Terazi, denge, hassasiyet, ilişkiler, adalet, ortaklıklar, iş anlaşmalarını sembolize eder. Moda, zerafet, hassasiyet, güzellik, incelik ve estetik de beraberinde gelir. Tüm Dolunay’larda kadın erkek ilişkilerinde zorlanmalar yaşarız. Çünkü içimizdeki kadın ve erkek karşı karşıya gelir.

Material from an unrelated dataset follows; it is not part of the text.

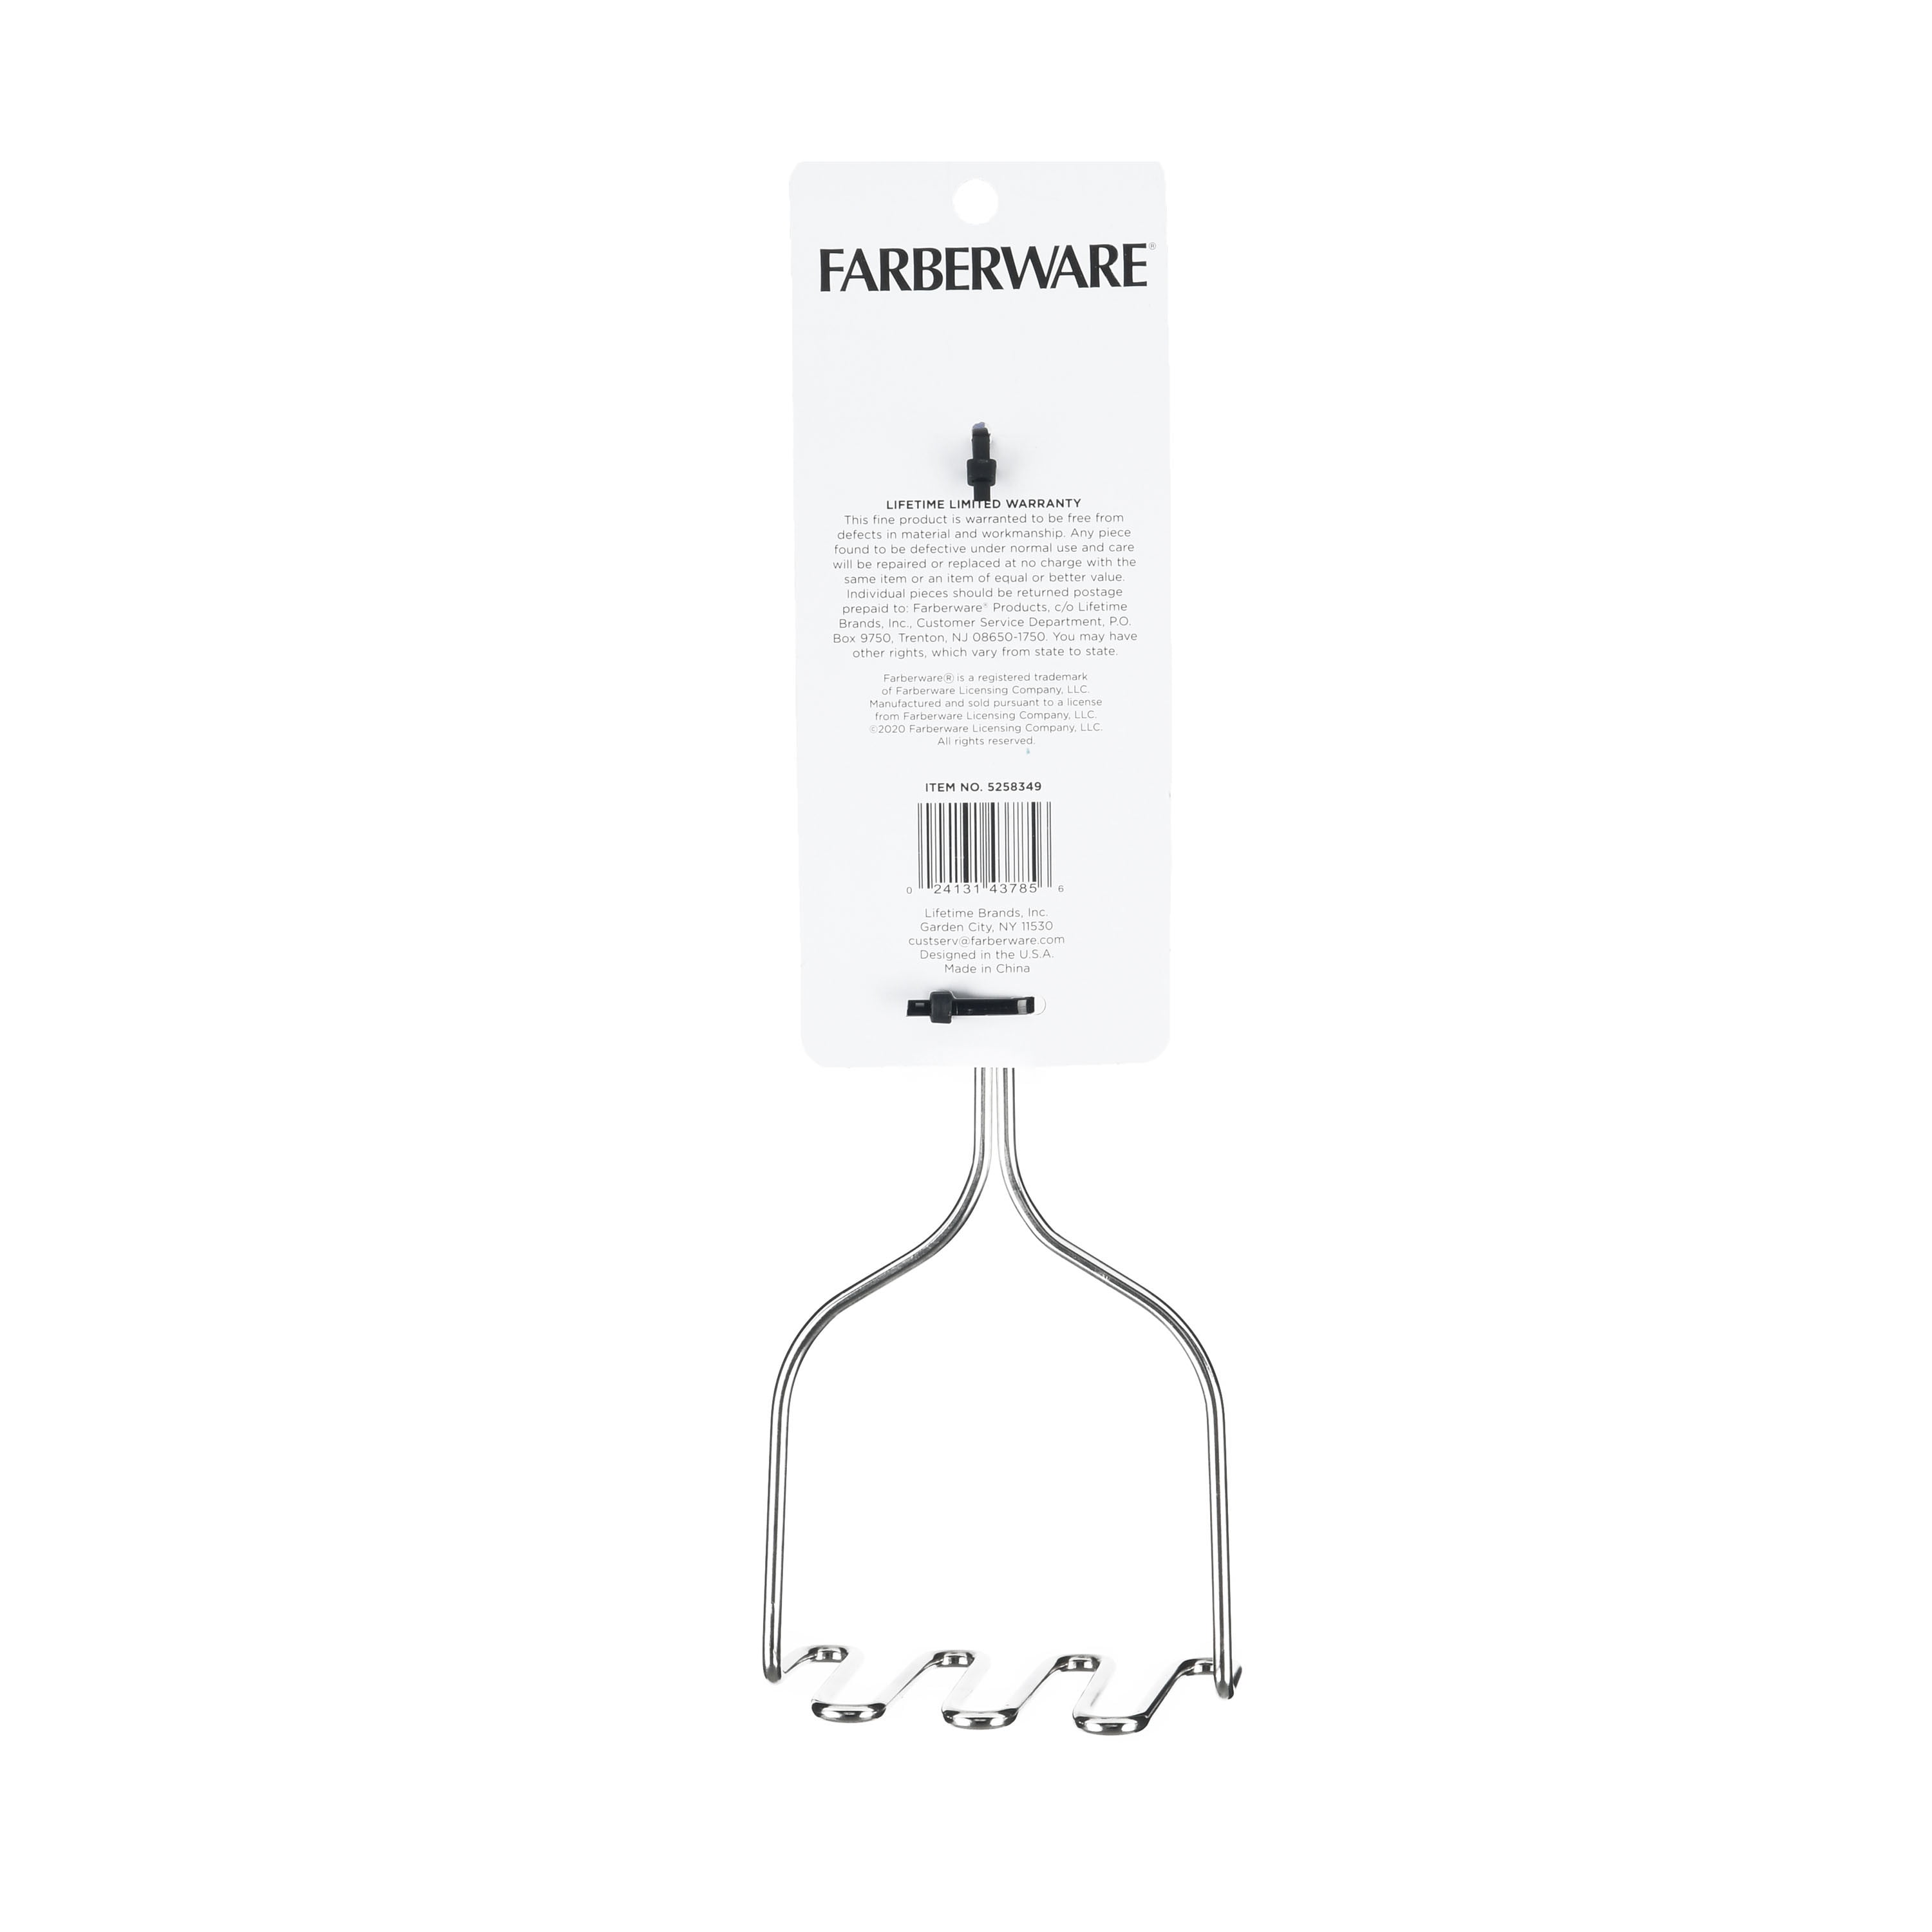 NEW Farberware Professional Meat Masher, BPA Free - Soft Touch Handle, 5253700

Bir diğer yandan Mars ve Uranüs yanyana hareket ediyorlar. Ki beni korkutan bir ikilidir. Ne bekleyeceğimizi bilmek güçtür bu ikilide. Ateş ve barut adeta! Beklenmedik reaksiyonlar, dürtüsel hareketlerin devrime dönüşmesi, minik bir risk almanın çığa dönüşmesi söz konusu olabilir. Tabii ki Dolunay’da bunun ikili ilişkilerde yakıcı, yıkıcı, yok edici olabileceğini söylemek çok zor değil. Karşınızdakine verdiğiniz tepkinin şiddetini düşünmeye fırsatınız olursa 3 defa düşünün. Bu kadar tepkisel etkiler varken hiç birimizin boğazımın 9 boğumundan kelimeleri geçirebileceğini, kulağımızın ağzımızla koordineli hareket edebileceğini düşünemiyorum! Acil durumlarda alınan ani kararlar sonradan pişmanlıklara yol açabilir. Kötü yanları olduğu gibi iyi yanları da vardır tabii ki. Sakarlıklara yol açar ama enerjinizi inanılmaz yükseltir, kararlılığınızı arttırır, toplulukları aniden bir araya getirir, tek bir amaç uğruna alevlendirir. Boğa ve Kova’dan aldıkları etki ile topraktan gelen ürünler, para, ekonomi ve insanlık, teknoloji adına bir şeyler olacağını tahmin edebiliriz.
Ve gelelim gözle görülmeyen, bir yerden yanlış gidişhatı hissettiren ama kendini göstermeyen Neptün’e.. Daha çok bulaş, yayılma, hastalık ve enfeksiyon.. Açıkçası bunu yazmaktan hiç hoşlanmıyorum ama söz konusu olan Terazi AY, Neptün, Mars, Uranüs, Jüpiter ve Pluto.. Önümüzdeki günlerde artan kayıplar, böbrek yetmezlikleri, enfekte insan ve ölüm sayısında yüksek artış söz konusu olabilir. Yanıcı, patlayıcı, yıkıcı unsurlarda var tabii ki ama genel olarak sorularınız pandemi üstünden geldiği için bu konu özelinde yazmak istedim.
Ne yapabiliriz?
Bu hayatı tek başımıza yaşamıyoruz. Hepimiz bir anne bir babadan dünyaya geldik. Tek başımıza yaşasak da bağlı olduğumuz, bağımlı veya bize bağlı olan kişiler var. “ben” demenin çok da yapıcı olmadığı bir devirdeyiz. “Biz”in içinde “ben”olmayı nasıl becerebiliriz? Keşfetmeye başlamak için gözlerimizi açmamız gerek. Bugün bu yaşadıklarımızın bir sonuç olduğunu; ve yaptığımız ve yapmadığımız her şeyin bu sonuca katkısı olduğunu anlamalıyız. Yaptıklarımız kadar başımıza gelenlerden de biz sorumluyuz çünkü bu bizim hayatımız. Bu yüzden karalar bağlayıp kendinizi kapatmayın. Yogi ya da şef olmayacaksınız büyük ihtimalle bu sürecin sonunda kendinize yetecek kadarına bakın. Venüs tatlı tatlı İkizlerde salınırken güzel yüzünü yıllardır görmediğiniz ertelediğiniz arkadaşlarınızı arayın ilişkilerinizi canlandırın. En önemlisi hayatınızdaki dengeyi ve uyumu yeniden yaratabilmek için neyi bırakmanız gerektiğine dikkatli bakın. Tepkilerinize değil geleceğe etkinize bakın. Hepimiz biriz, iyi olalım! Duanızı edin, meditasyonunuzu, sporunuzu, yoganızı yapın ama sakarlıklara karşı dikkatli olun. Karşınızdakine nazik olun.